Ondra Cranks Gioia V16 / 8c+

Adam Ondra has claimed the coveted second ascent of Gioia, confirming the speculated grade of V16/8c+.

Last February Ondra journeyed to Verazze, Italy, where Gioia is located, but was only able to piece together the stand-start, which clocks in at V12/13.

Ondra wrote on his 8a.nu scorecard, “[the] sit is another level. 8C+ for sure.”

Ondra returned two weeks ago to work the sit-start of Gioia and 27crags reports that he has now succeeded in climbing one of the hardest boulder problems in the world.

The Italian strongman Christian Core established Gioia in 2008 and graded the line 8C or V15. Subsequent attempts by climbers such as Ondra began the speculation that Gioia, which translates to “joy,” might in fact be harder.

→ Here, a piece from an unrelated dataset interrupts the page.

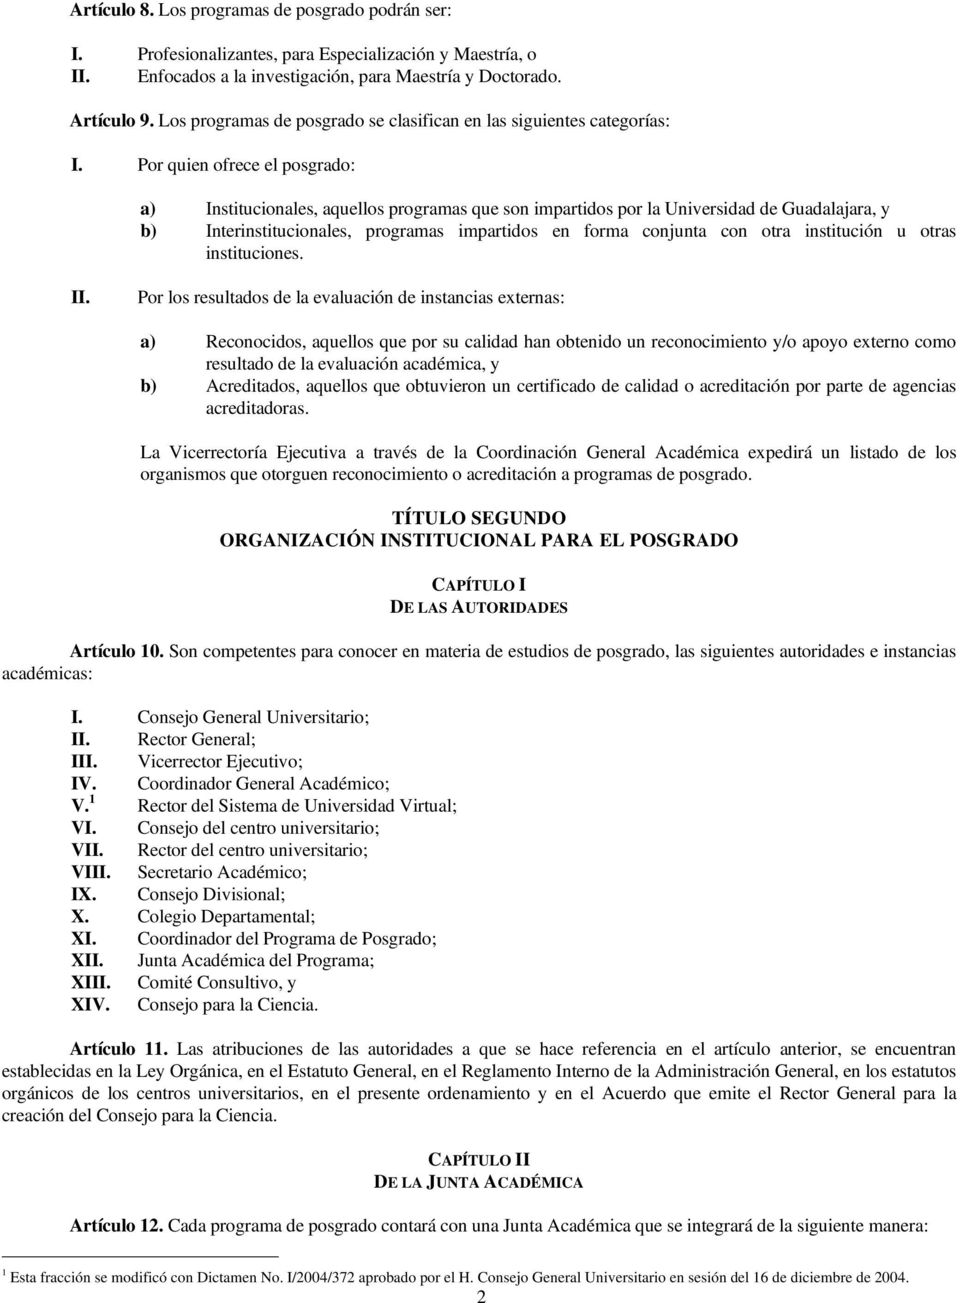 Por quien ofrece el posgrado: a) Institucionales, aquellos programas que son impartidos por la Universidad de Guadalajara, y b) Interinstitucionales, programas impartidos en forma conjunta con otra

Christian Core established the boulder problem in 2008 after spending four months working out the moves. Gioia (“Joy” in English) is 14 moves long with terrible feet, with a stand start that goes at around V12/13.

Christian Core originally graded the problem V15, but Ondra believes it’s a solid grade harder. Other top climbers like Daniel Woods, Chris Webb Parsons, and Dai Koyamada, have tried the line to no avail.

In November, Ondra reported that he had climbed his first V16, Terranova, at a crag in the Czech Republic.